For all, change is inevitable. It is how you prepare for it that makes a world of difference. As I enter 2023, I will work at better better at change. (right now, I am probably a C+) but with energy directed in the right arena, I think I can avoid the situations that wear me down. (starting with listening to the news)
Happy New Year everyone and perhaps we can all be the change we need to be to make ourselves happy and productive people.
Is there a more asinine book on the planet? I'd be hard pressed to find it. That is was a bestseller speaks volumes to the apalling lack of real education in America today. I am fairly certain that they force you to read this book in hell... oh, wait I'm confusing eternal damnation with my office. Sorry.
After his adventure in the maze, Haw wrote a bestselling book about his cheese sayings and sold it in exchange for royalties in cheese. Now he gets all types of cheese simply sitting on his bottom in one corner of the maze while the others run around looking for cheese after reading his book.
I blamed this book during the time I was jobless because it was this book that compelled me or I guess goaded me to finally make the decision to quit my job what with its constant glaring advice to go for change. But I also have this book to thank for because if it were not for this book, I would have stuck with my old job and I would not have reached the place I am at now.

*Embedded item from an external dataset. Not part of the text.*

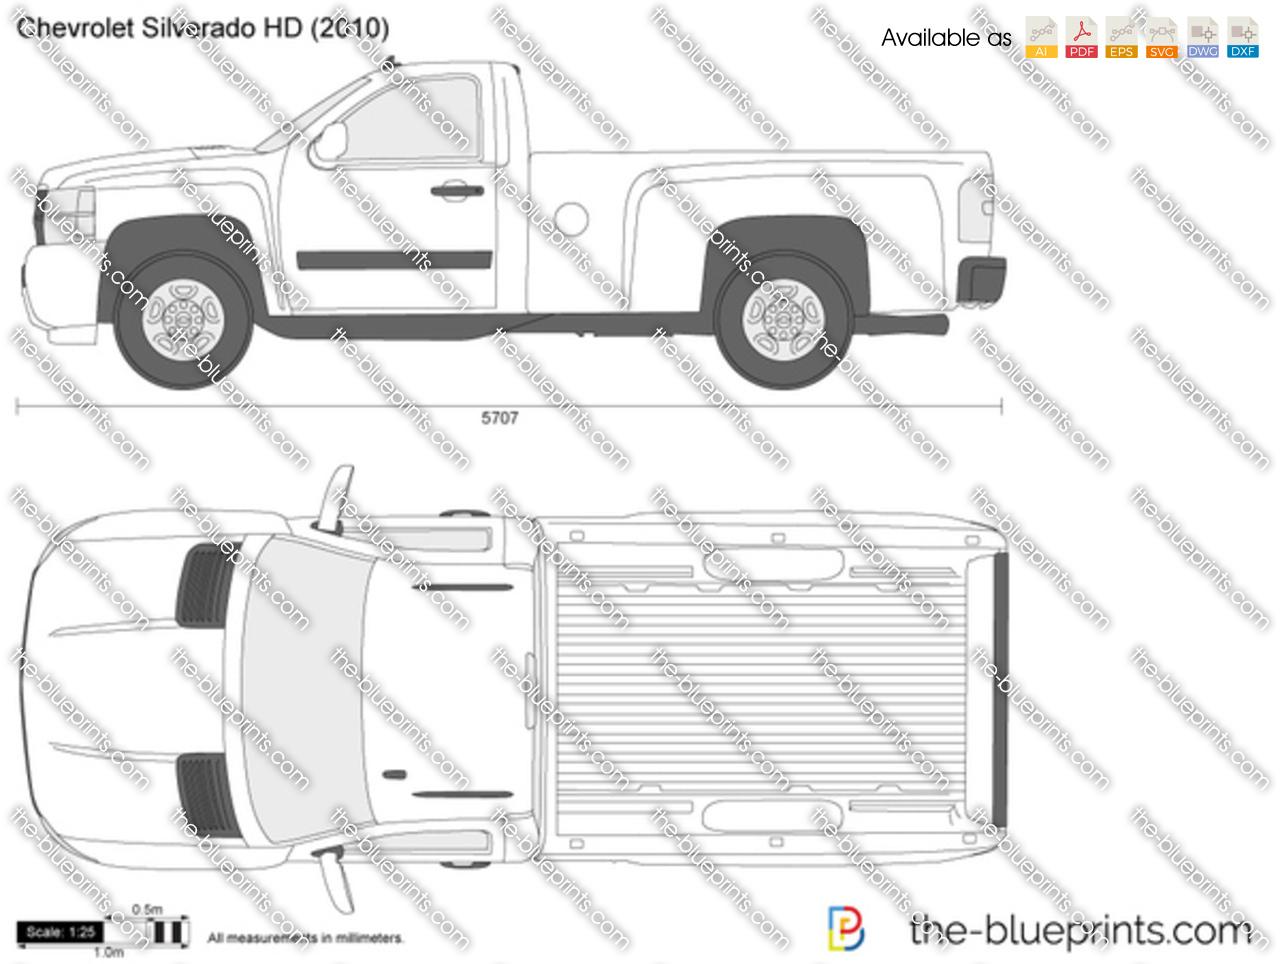 Chevrolet Silverado HD 2014

So, thank you book for coming along my way. By the way, I love cheese.:)
For an inspirational, self-help book, Who Moved My Cheese is an easy, quick read but quite unpleasant too with a very patronizing tone to its narration. I just picked it up out of whim as the Internet is full of positive reviews and praise, so naturally I was curious and also since I had an ebook stashed since forever. But, now after having read this, I am not exactly sure what to make out of it. Well, I am glad I didn't buy and read this and another positive thing was that it was a really short read.
In a single sentence, this book tries to explain the significance of adapting and reacting positively to changes which is in fact quite a decent subject for an inspirational book, but Who Moved My Cheese does absolutely no justice with it. The story was exorbitantly simplistic and entirely obvious and I found myself absolutely not agreeing with a lot in here. I am not going to go into details about characters who are called Sniff and Scurry, Hem and Haw and who actually sniff and scurry, hem and haw.
One thing that I found really irritating was how the author, in his slightly condescending manner, tries to force the readers to believe that all change is good change and the faster you let go of things the sooner you can get back to enjoying life as before. No I surely do not agree with this. There are some things one simply does not get over with. What about fatal health issues, or the loss of a loved one? Yes, one learns to live with it but does not really get over it. Ever. Yes, change is inevitable. Situations change, people change, life happens and hardly anything ever remains the same, but, that still doesn't mean that all change is good, or that people need to be happy about every change that occurs. Everything does not revolve around enjoying every change. Adapting and accepting a situation is one thing, trying to happy about every other situation, fair or not is entirely another.
Sorry this review was more of a rant, and I know I've used too much of the word change, but I was totally disappointed with this so called bestseller and I needed to vent. Thanks for reading.